The suburban captive who has embraced their captivity knows that they exist in captivity. They have accepted their captivity even though no one can see the walls. From the outside everything looks affluent, privileged, free, calm and beautiful so no one imagines that captivity could occur. How could you be held captive when living within such beauty? But it is exactly the act of owning and sustaining these things which creates the suburban captive. The only way that the suburban captive can truly be free and happy within this kind of affluent captivity (the worst kind of captivity is the kind of captivity which everyone is experiencing, but no one talks about because they think their captivity is their freedom) is to acknowledge and embrace the captivity which they have taken suburban residence in.

Once a suburban captive has done this, once they have had enough of the pain involved in trying to escape, they can get down to the real business of cultivating a truly fulfilling life from within, at home.

Things All Over The Place

Things all over the place. Someday, some yet unknown civilization will study us and think that we had things all over the place. We are consumed by our things and few things ever remain in their right place.

I love some of my things, but does this mean I need to have things all over the place? Has humanity really evolved to have this many things all over the place? Can our brains really handle all these things all over the place? Just about all of our homes have things all over the place. There are things everywhere, too many to name.

Some of us are lucky enough to have the time, energy and/or money to have things continually kept in their right place. Few of us are disciplined enough to keep everything right where it needs to be, at all times. After all, this is the only way that most of us could maintain sanity and stability with things.
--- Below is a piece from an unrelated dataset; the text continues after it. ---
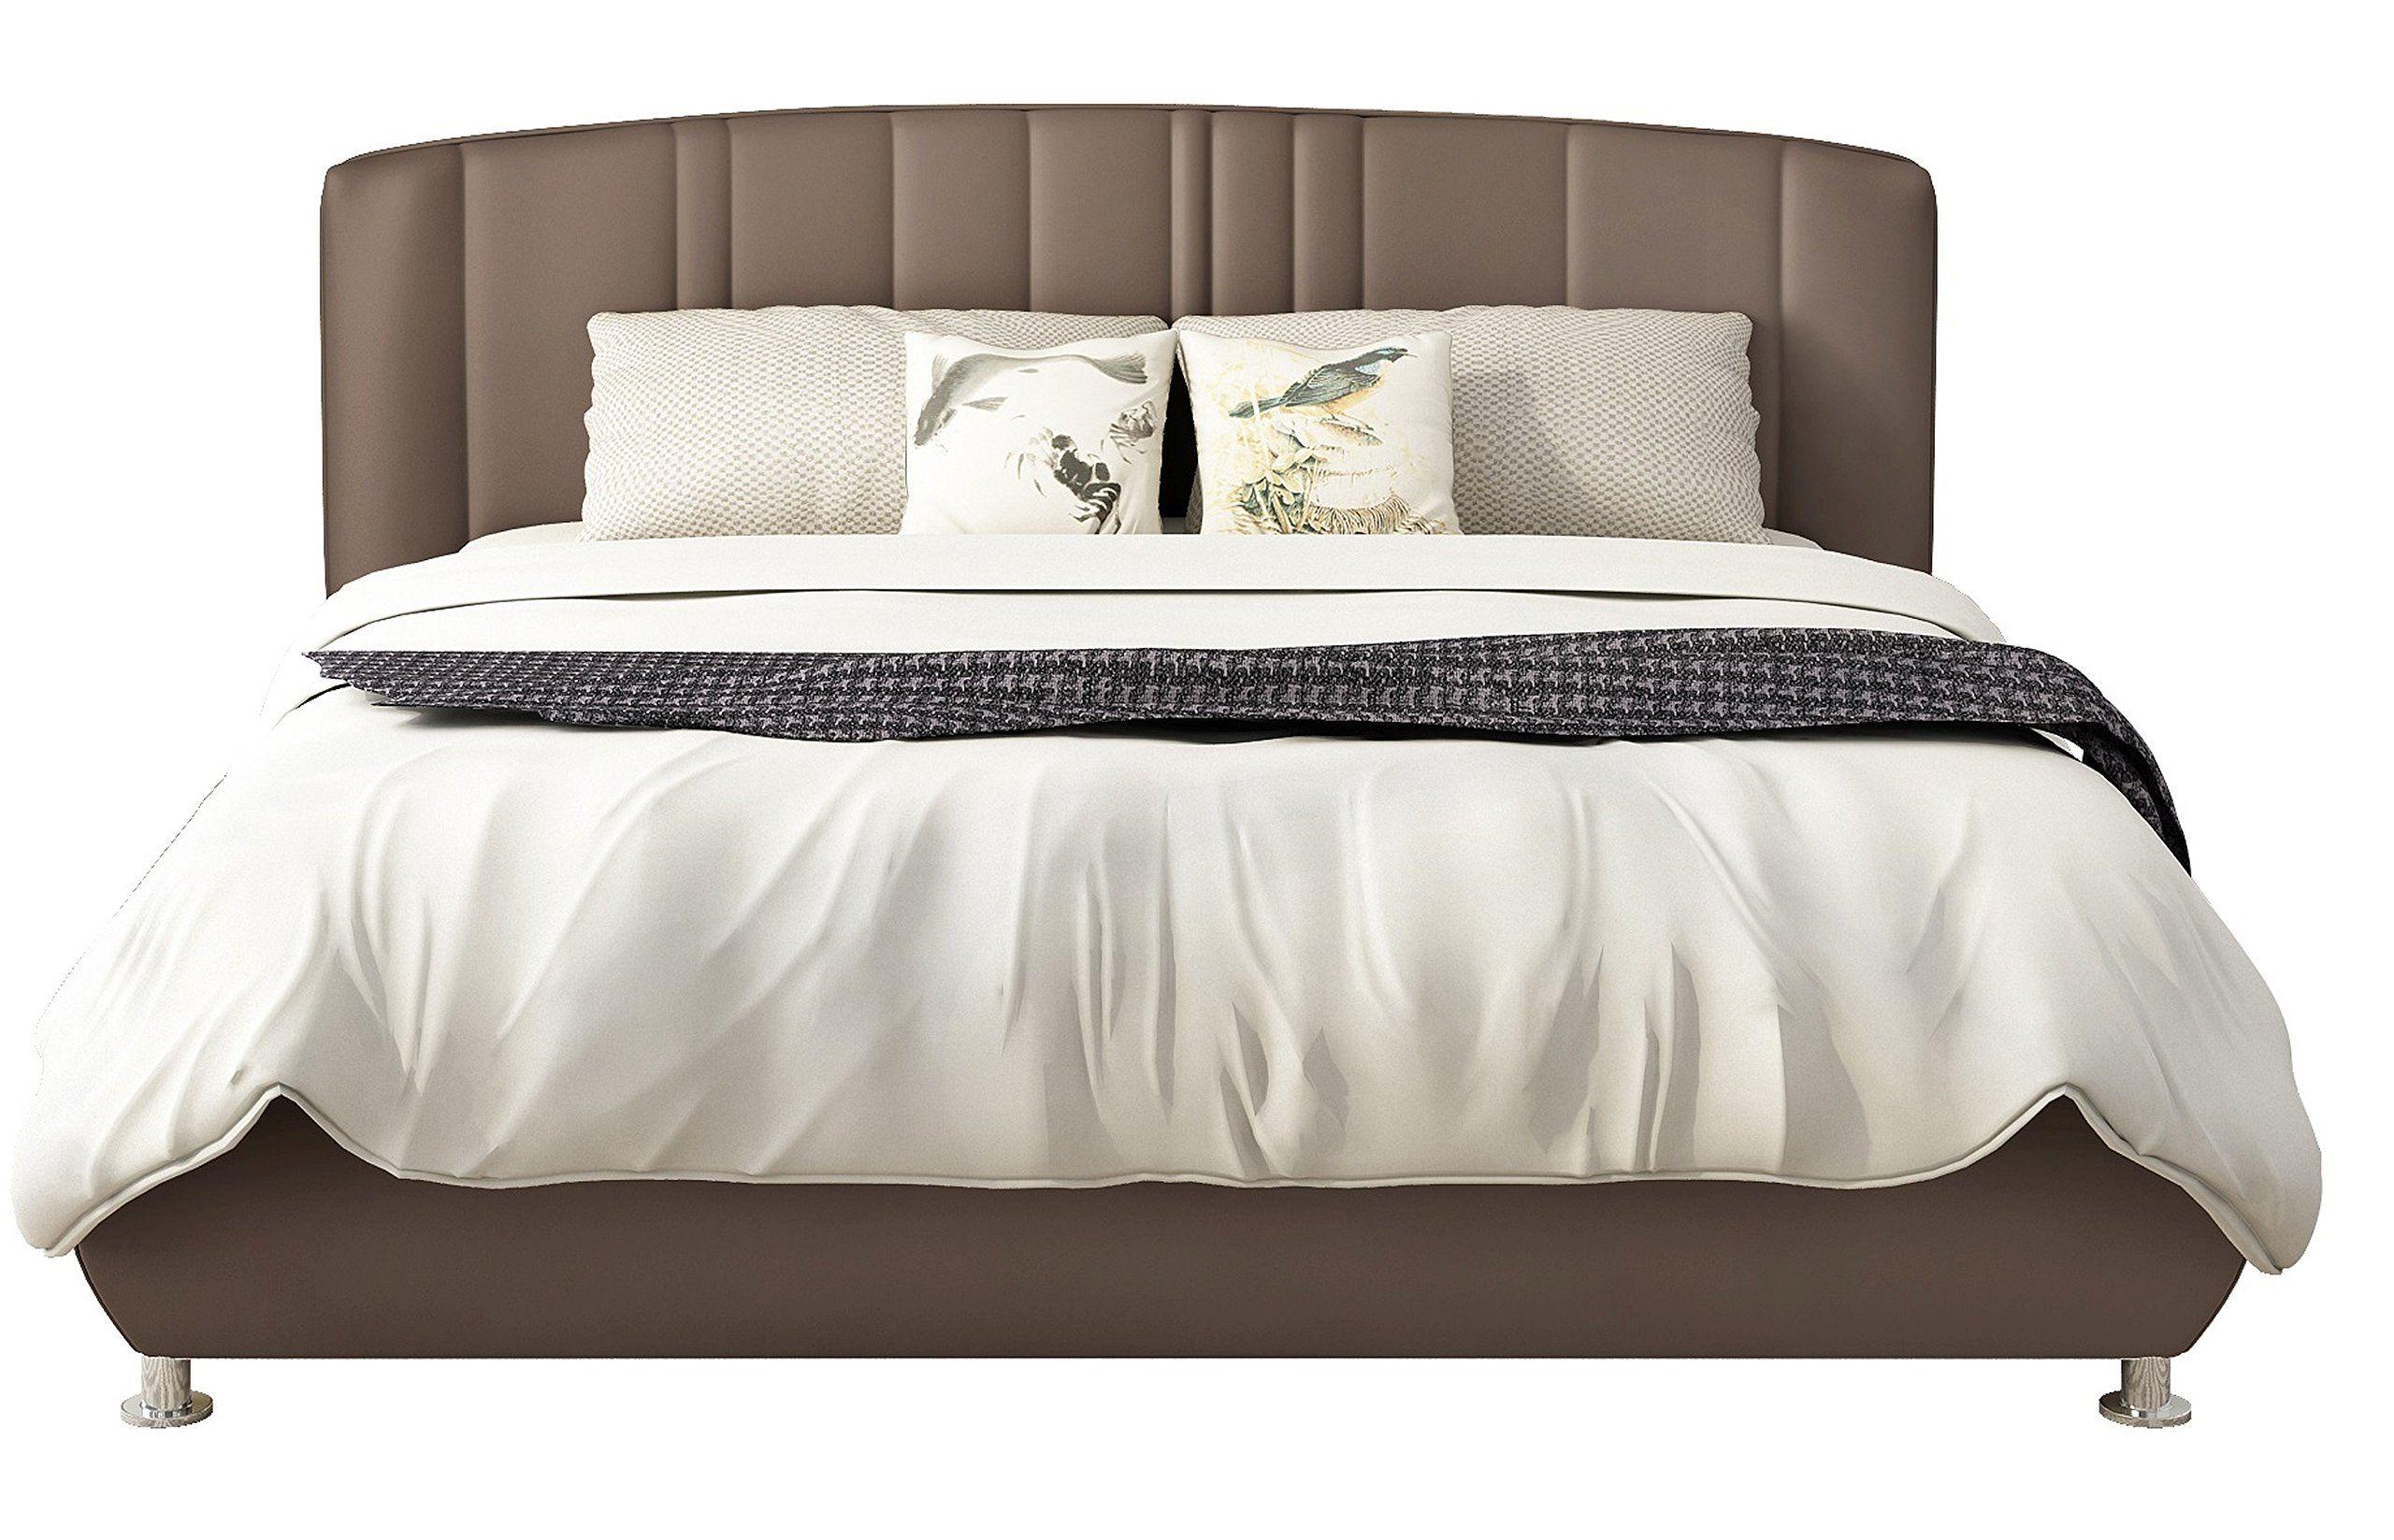 Iq Bed Modell Frisco Polsterbett Nuss 200 X 160 Kopfteil 107 Cm Hoch In 2020 Bed Furniture Home
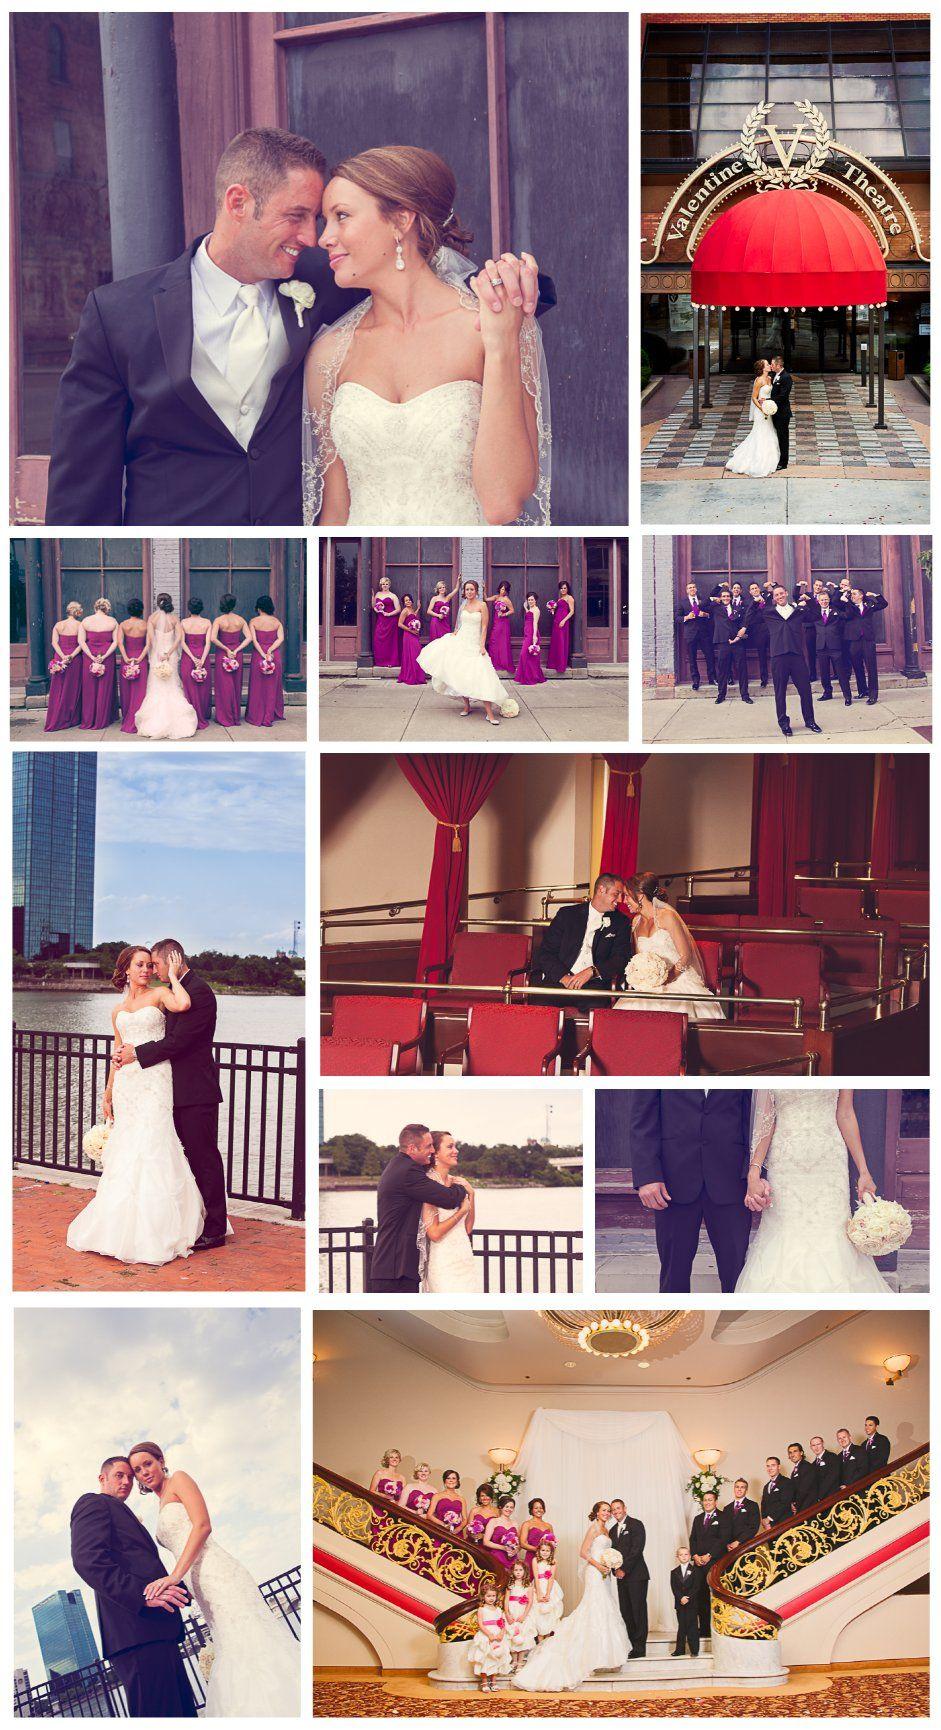 valentine theatre toledo ohio wedding party ideas memories captured by brenda

We have built our lives in order to have things all over the place. This is what we do. This is where human ingenuity has landed us. We labor away and then we collect things. It is fun buying things with our hard earned cash. If we did not do this what would be the point of our labor? We certainly don’t love the things we do for cash so we better enjoy the spending of it.

We end up with things all over the place.

What we did for fun becomes an excess of things all over the place. Memories materialized into things.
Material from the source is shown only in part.